Once you decide that you are getting married and pick out your reception hall you will need to come up with a seating plan for your wedding. This is not always an easy task to do. You will need to sit down with your partner and go over the list in depth. It must be a joint decision. If the groom does not want to go over it then make sure that you get his ok on the final draft before submitting it to the reception hall.
Divide up your guests into lists. Family should go on one list, friends on another list and office co-workers, neighbors and friends of your parents onto another list. Making up your seating plan for your wedding will not be easy but if you follow a few easy steps it will make it as painless as possible.
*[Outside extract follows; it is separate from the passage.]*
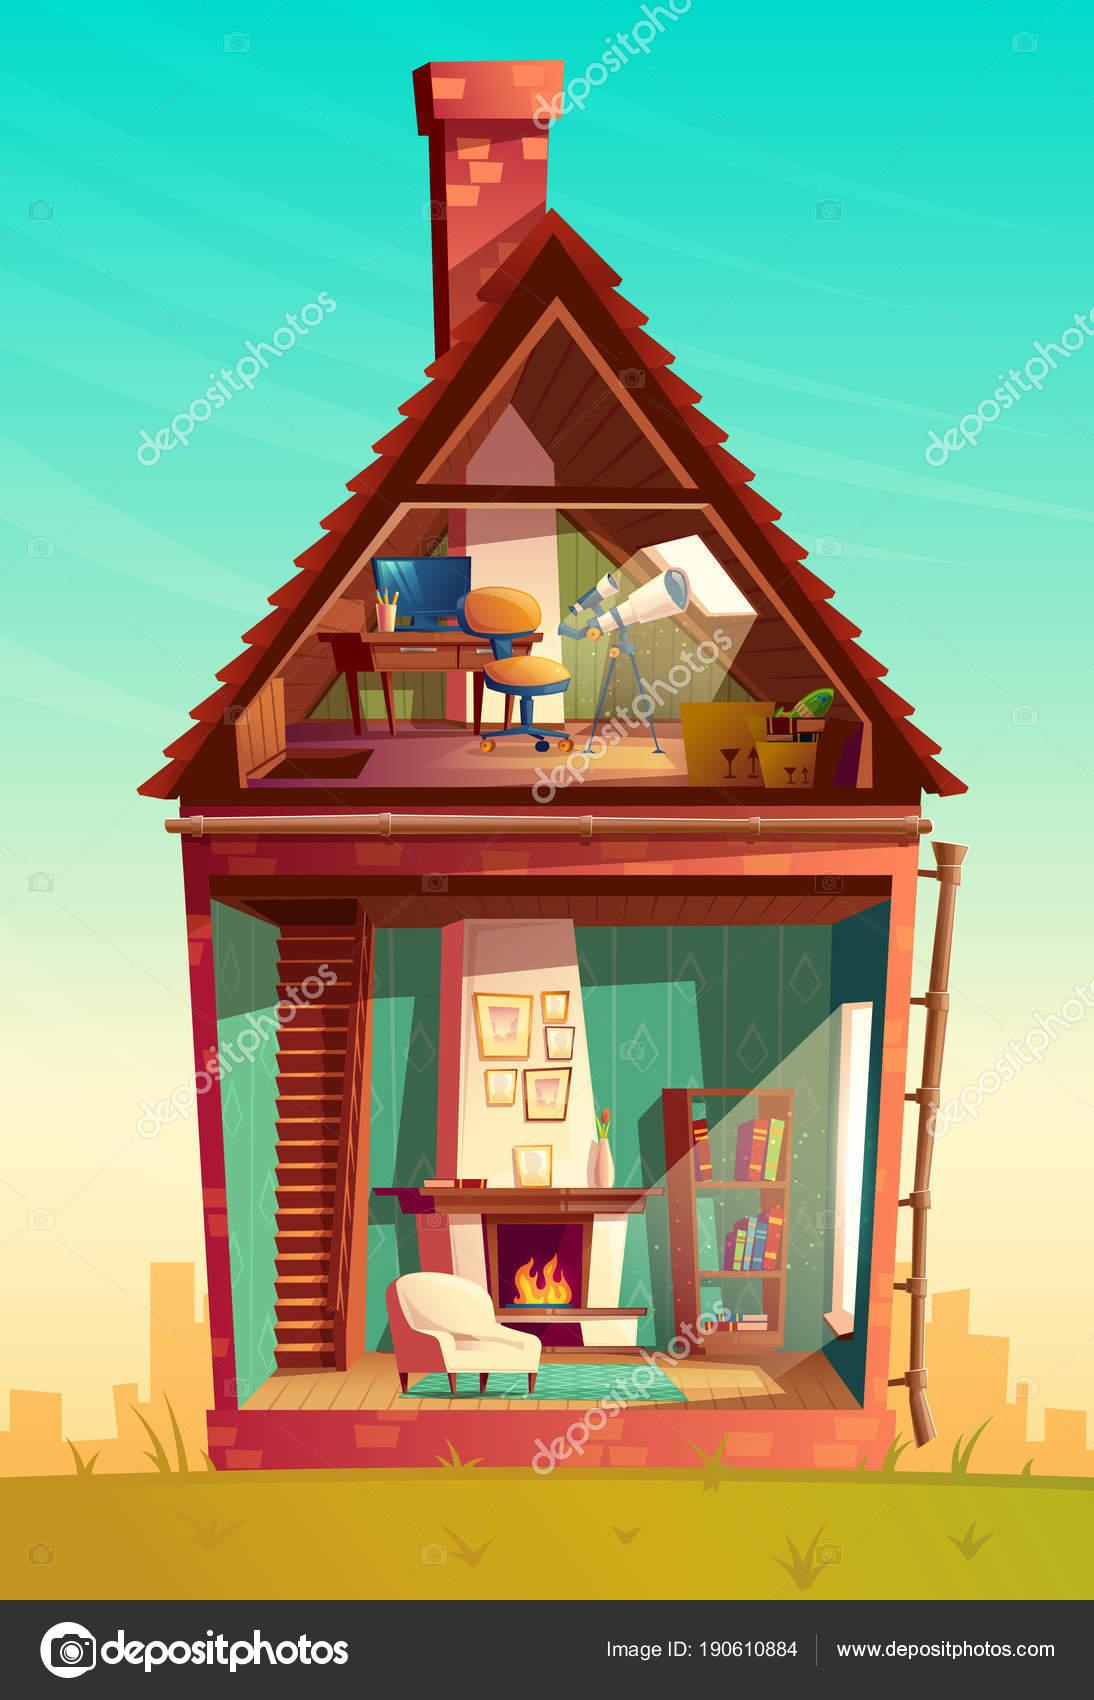 Imágenes Casa Por Dentro Animadas Interior Casa Vector Sección

After you have the separate lists made up, go over each one separately. First make a note of anyone that does not get along with another guest. Most couples have a few of these people on their invite list. Then take out a simple drawing of where the tables will be in your reception hall. Make sure the table numbers are on the ones in your drawing to make it easier for you later.
Of course you know who will be at the head table but if you come from a divided family and your parents no longer are on speaking terms, you might need to have two smaller head tables. Keeping the peace and making everyone happy is hard to do. Try to seat people who have things in common near each other. Once they start talking they will have things to talk about.
Most of the time when making your seating plan for your wedding you will be putting your co-workers and neighbors in the tables that are least desirable. These are usually by the kitchen door or next to the speakers for the band. It seems that this is the norm these days and is what is expected. Your guests will not mind as they have come to help you celebrate your big day.
The most important thing to remember when making your seating plan for your wedding is to keep the people that do not get along apart. Seat them across the floor from each other if you can. If you speak to them ahead of time, ask that they put their differences aside just for this one day so that you can rest a little easier on your wedding day.